Rijkswaterstaat start een proef om gericht op bodemvuil te vissen, dat achter is gebleven na het eerdere (grove) bergingswerk gekoppeld aan de ramp met de MSC ZOE. Bergingsschepen zijn eerder ingezet om groot afval te lokaliseren en te bergen, nu wil Rijkswaterstaat het kleine afval gaan opvissen met zowel een bergingsschip als een vissersschip.

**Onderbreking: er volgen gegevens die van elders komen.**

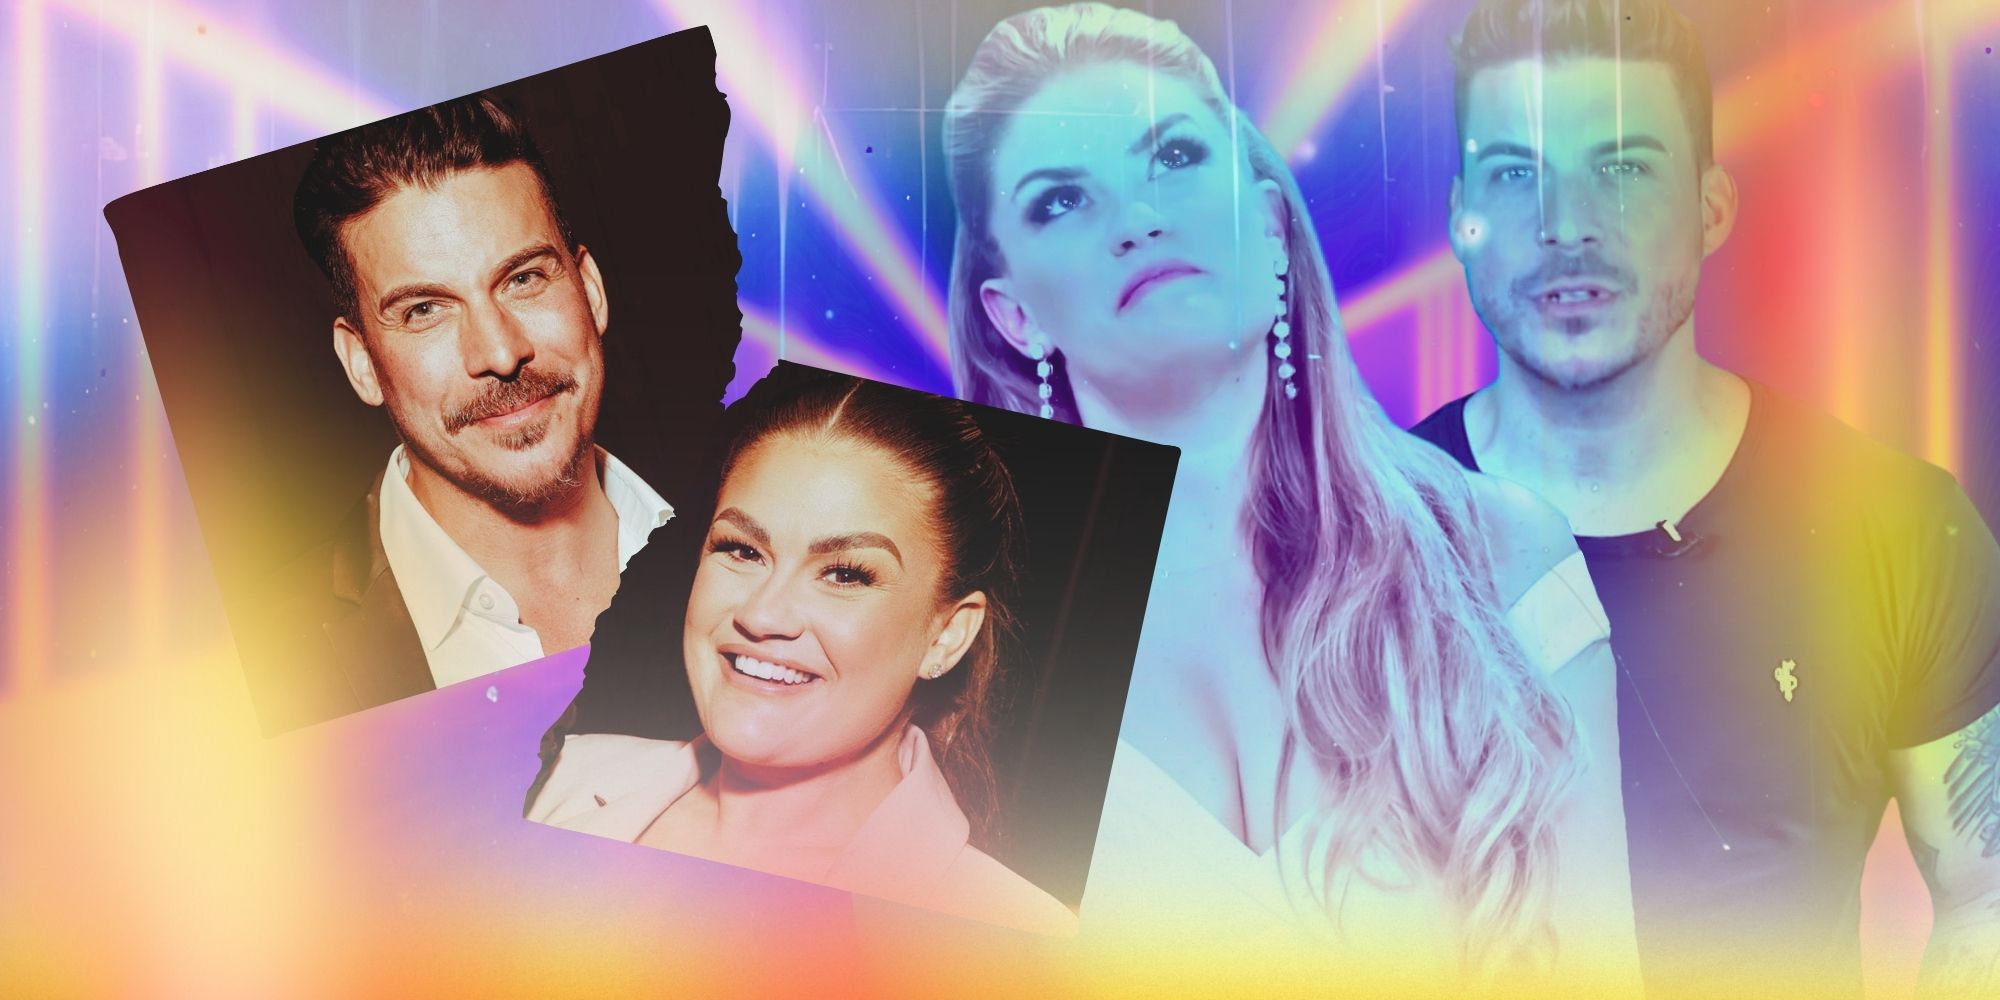 Montage of Vanderpump Rules' Jax Taylor & Brittany Cartwright smiling and looking serious
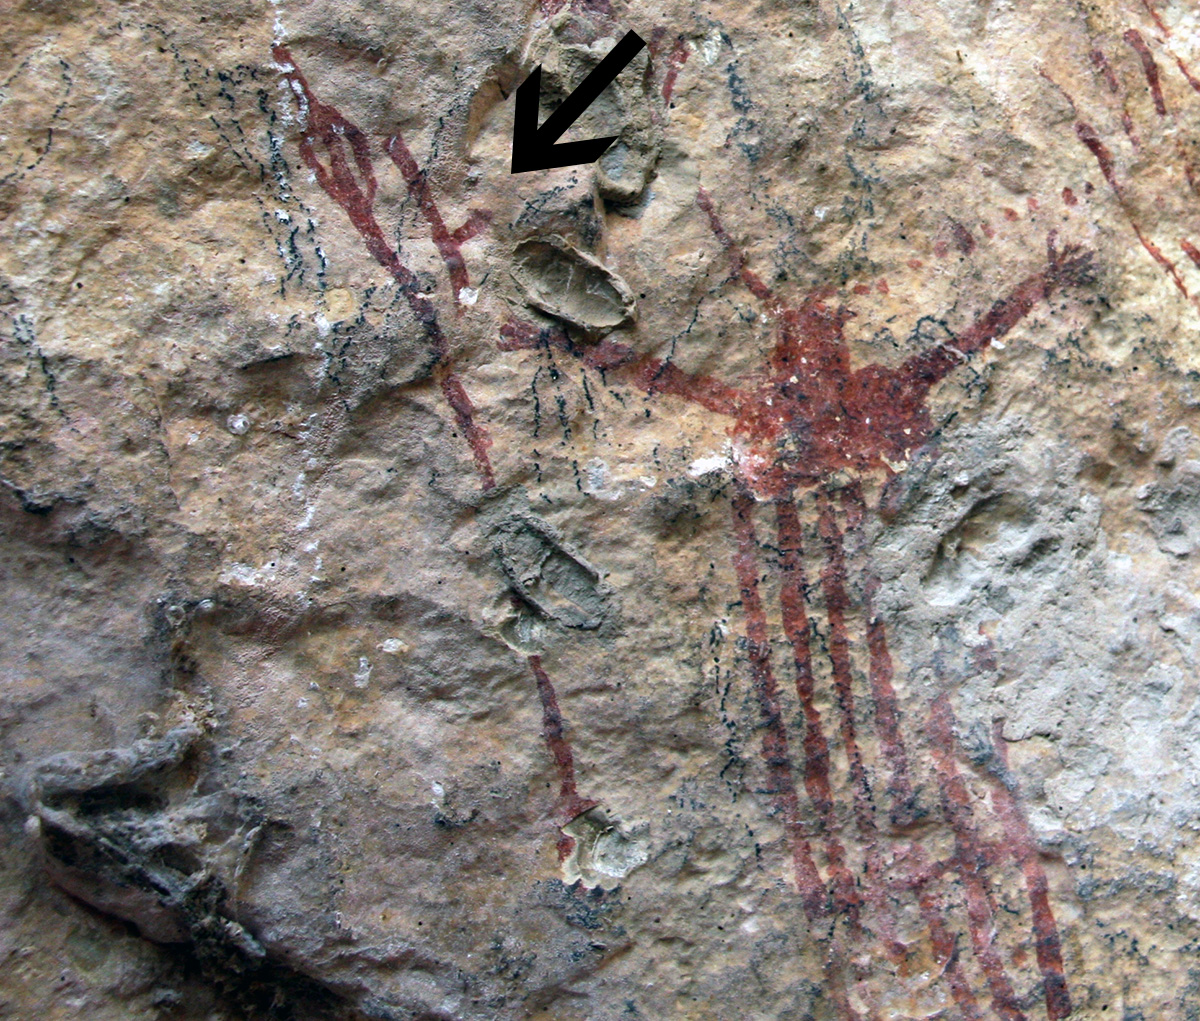 Pecos River Style anthropomorph from Parida Cave wielding a weighted atlatl.

Er wordt gestart met een kleinschalige proef voor de duur van twee tot drie weken. De LO 28 van Frits van Dellen is door Rijkswaterstaat ingehuurd en gaat deze week beginnen met proefvissen. Voor Rijkswaterstaat was deze keuze logisch omdat ze al eerder ervaring met de LO 28 hebben opgedaan toen het als stand-by schip werd ingezet.
Voorafgaand aan de pilot is het gebied met speciale sonarapparatuur in kaart gebracht en aan de hand daarvan is een route uitgestippeld waar de LO 28 zich op zal richten. Van iedere vangst wordt een nauwkeurige registratie bijgehouden. Een waarnemer van Wageningen Marine Research (WMR) zal hier in eerste instantie zorg voor dragen.
Met het uitvoeren van de proef wordt onderzocht of vissersvaartuigen succesvol ingezet kunnen worden voor bergingswerkzaamheden op zee. De pilot zal worden geƫvalueerd waarbij een belangrijk aandachtspunt is dat de opbrengsten en de inspanningen in een goede verhouding tot elkaar staan. Op basis van het resultaat van de pilot kan het zijn dat meerdere vissersschepen ingezet worden voor het vuilvissen, maar het kan ook betekenen dat er geen vervolg aan het vuilvissen wordt gegeven.